Si preoccupava inoltre di mantenere un controllo accurato sui depositi militari, e si informava anche scrupolosamente delle risorse delle province, in modo da poter sopperire ad eventuali carenze che si fossero da taluna parte manifestate. Tuttavia si sforzava più che tutti gli altri imperatori di non acquistare o mantenere mai nulla di improduttivo. Riformato dunque l’esercito in modo degno di un sovrano, si recò in Britannia, dove mise in opera molte riforme, e per primo fece erigere un muro lungo 80 miglia, il cui scopo era quello di tenere separati i barbari dai Romani.»

(Historia Augusta, Adriano, 10, 3 – 11, 2)

Villa Adriana

Ultimo, ma non ultimo, Adriano si dedicò a completare a restaurare edifici, non solo ad Atene e nell’impero, ma anche a Roma, tra cui il Pantheon, opera di Apollodoro di Damasco, e costruito originariamente da Agrippa.
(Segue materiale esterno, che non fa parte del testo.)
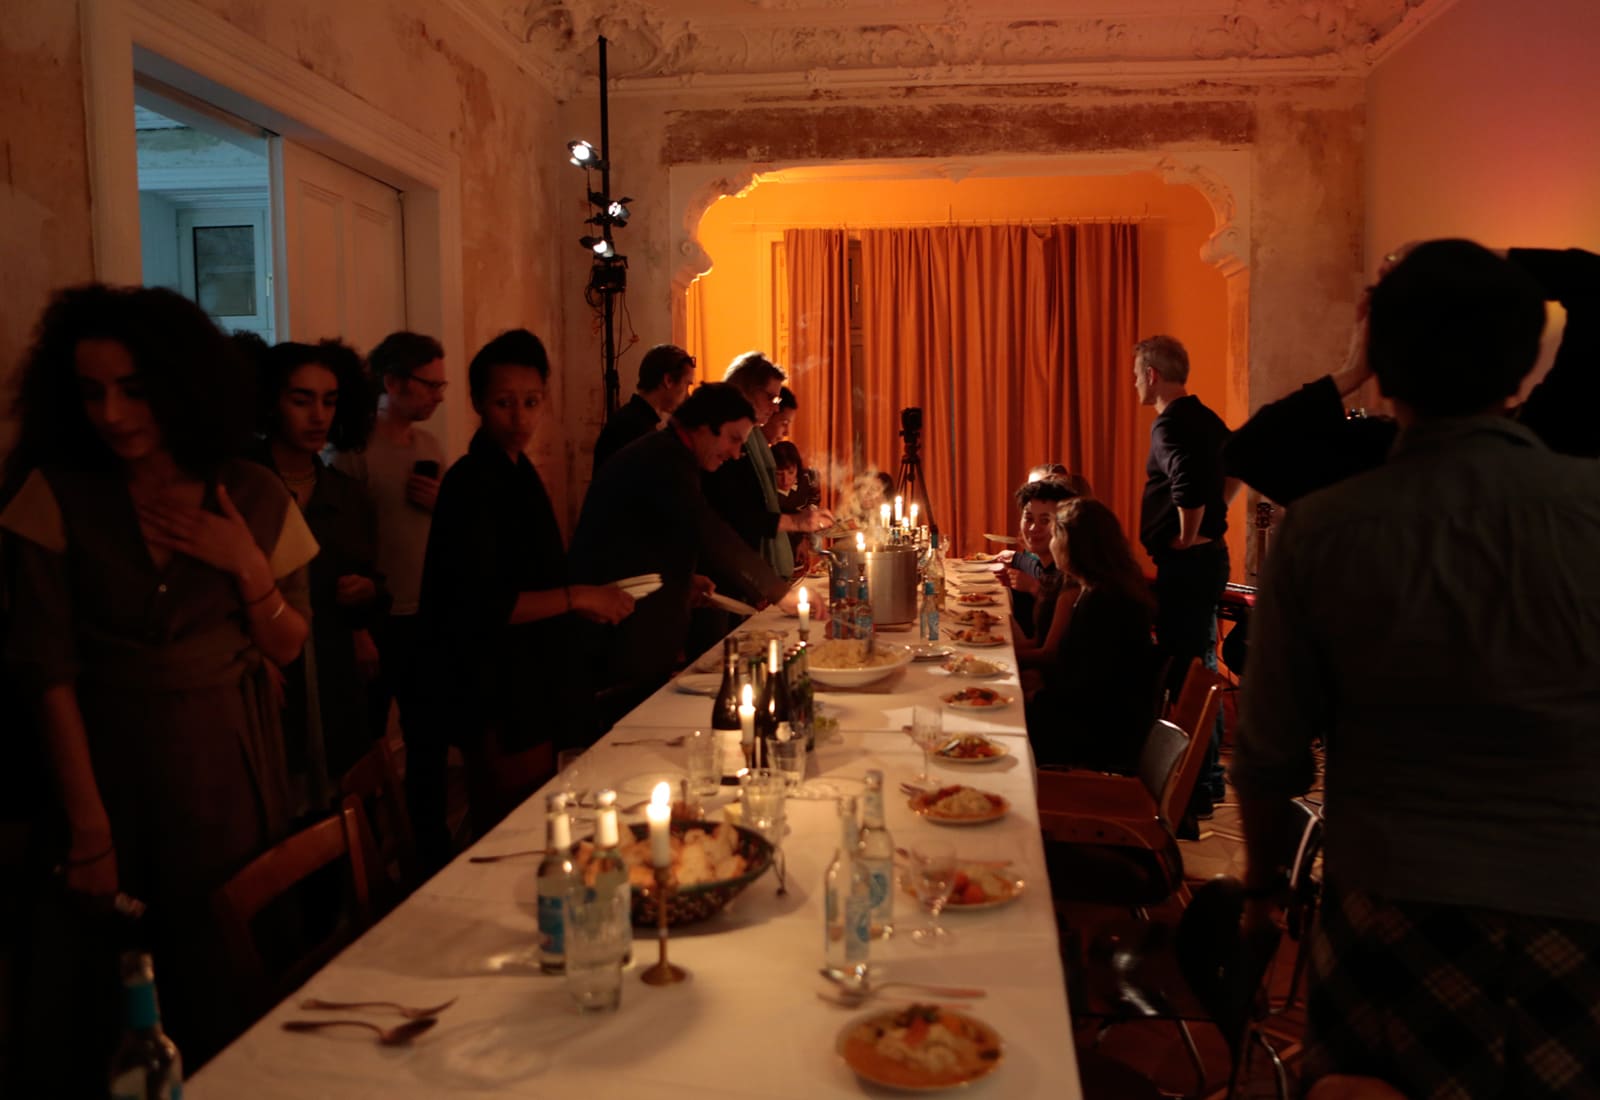 Dinner table in the M.Bassy rooms. Many people are standing around the table and talking.

Gli ultimi anni e la morte

Completata la splendida villa Adriana, costruita a Tivoli, pochi km a est di Roma, vi spese molto tempo nei suoi ultimi anni. Tuttavia nuovi problemi si profilavano all’orizzonte: una terza rivolta giudaica. La guerra, svoltasi tra il 132 e 135, aveva alla sua origine l’avversione per alcune pratiche ebraiche come la circoncisione, che non era conciliabile con gli ideali di bellezza greci.
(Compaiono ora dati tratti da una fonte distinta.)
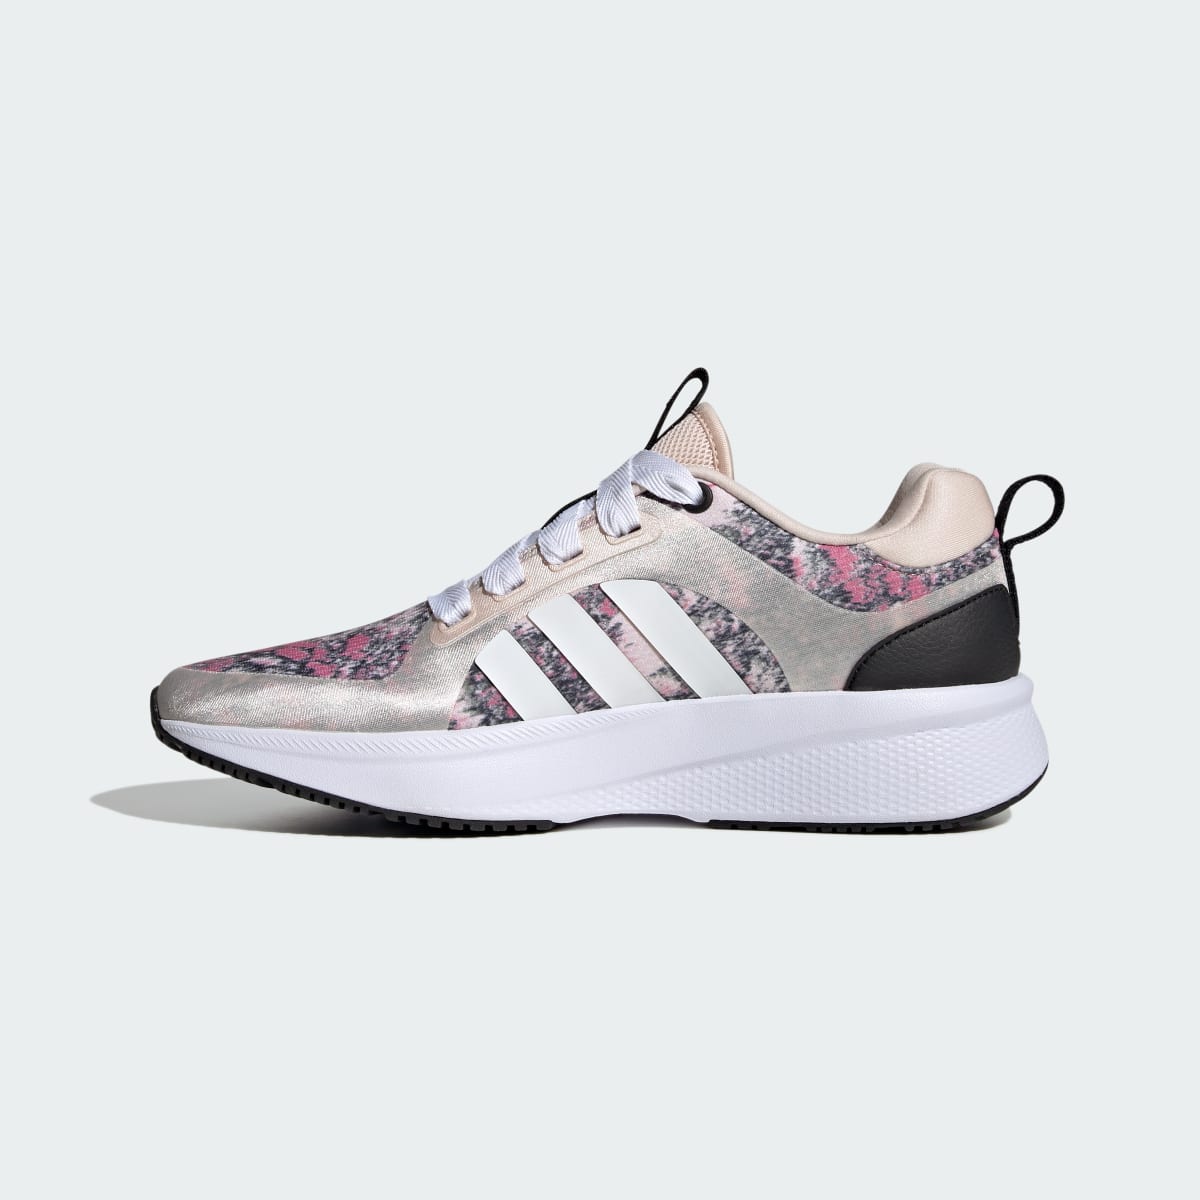 Adidas Edge Lux 6.0 Shoes. 7

A capo della rivolta c’era Simone Bar Kochba, cioè “il figlio della Stella”, (ovvero il “Messia“, mentre i suoi oppositori lo chiamavano “bar Koziba“, cioè “il figlio della menzogna”). La guerra fu durissima, la legio XXII Deitoraiana sparì (e anche la IX Hispana, che stazionava in Britannia, ma non si sa se ci siano collegamenti con la guerra giudaica). L’ultima battaglia, nei pressi di Gerusalemme, in cui perse la vita Simone, fu un massacro; il Talmud ricorda che i romani uccisero moltissimi giudei e che i cavalli annegavano nel sangue, che arrivava fino alle narici. Cinquanta fortezze rase al suolo, quasi 1.000 villaggi distrutti e centinaia di miglia di morti, sono i dati riportati. Gerusalemme fu distrutta e ricostruita come Colonia Elia Capitolina, con un cardo e un decumano e un tempio di Giove, e iniziò la diaspora del popolo ebraico.

Ormai per Adriano, che aveva aumentato gli alimenta e condonato moltissimi debiti, e che soffriva di terribili dolori (idropisia), era tempo di scegliere un successore. La prima scelta fu Lucio Ceionio Commodo, che assunse il nome di Lucio Elio Cesare, ma morì improvvisamente nel gennaio del 138.
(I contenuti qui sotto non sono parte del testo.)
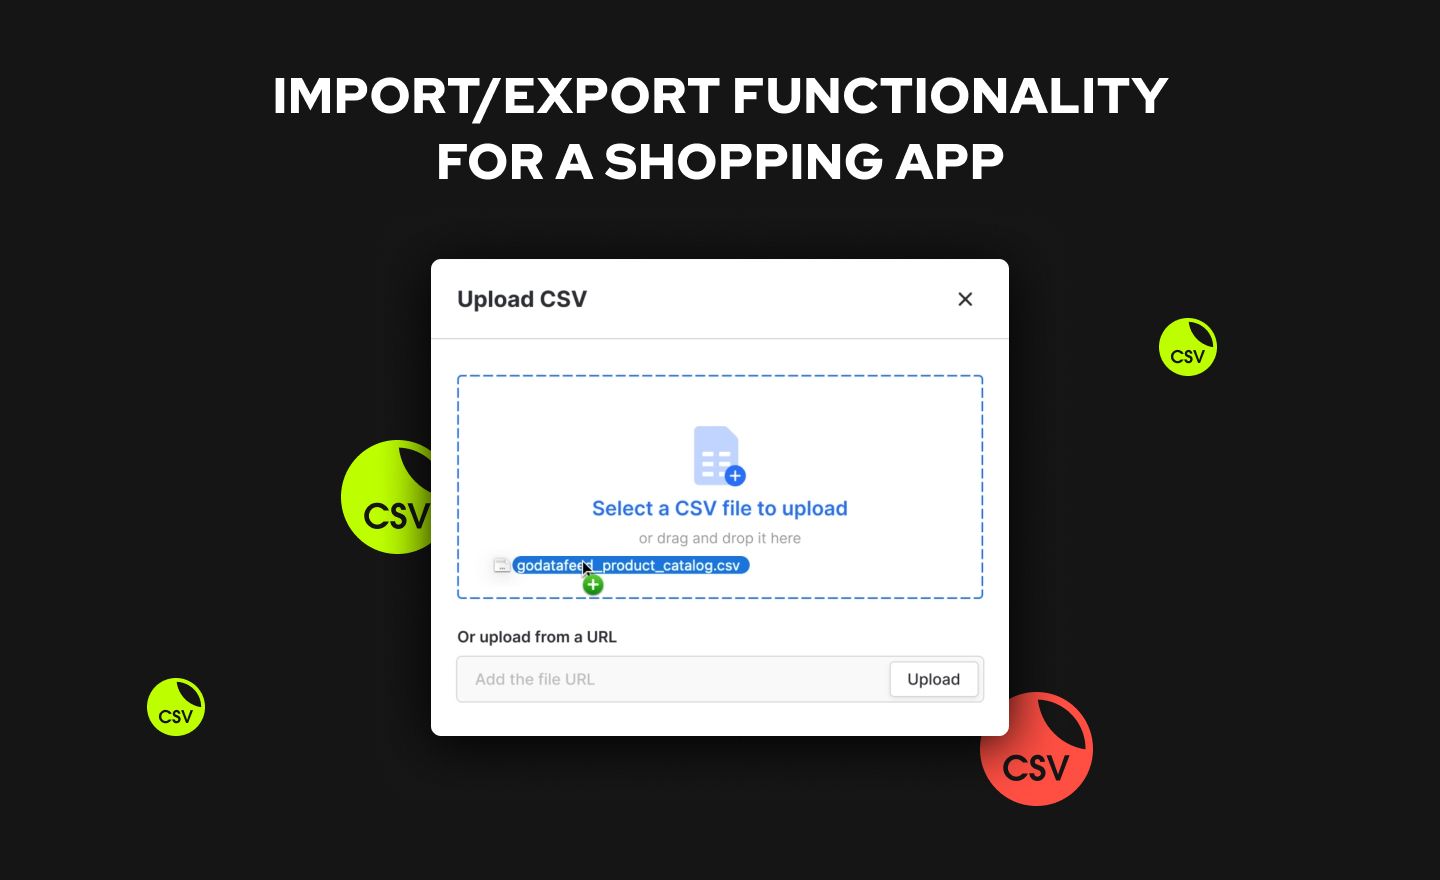 Import/export functionality for a shopping app

Le condizioni di Adriano peggioravano e si risolse ad adottare un senatore di famiglia illustra, Tito Aurelio Fulvio Boionio Antonino, che prese il nome di Elio Adriano Antonino, a patto che quest’ultimo adottasse il nipote Marco Annio Vero, che prese il nome di Marco Aurelio Antonino, e il figlio di Elio Cesare, Lucio Vero.

Il progetto di Adriano era concluso e si sarebbe compiuto: Marco Aurelio e Lucio Vero sarebbero succeduti ad Antonino, detto il Pio. Infine, giunse la morte per Adriano, il 10 luglio del 138. Sarebbe stato poi portato nel Mausoleo che si era fatto costruire in riva al Tevere, oggi Castel Sant’Angelo.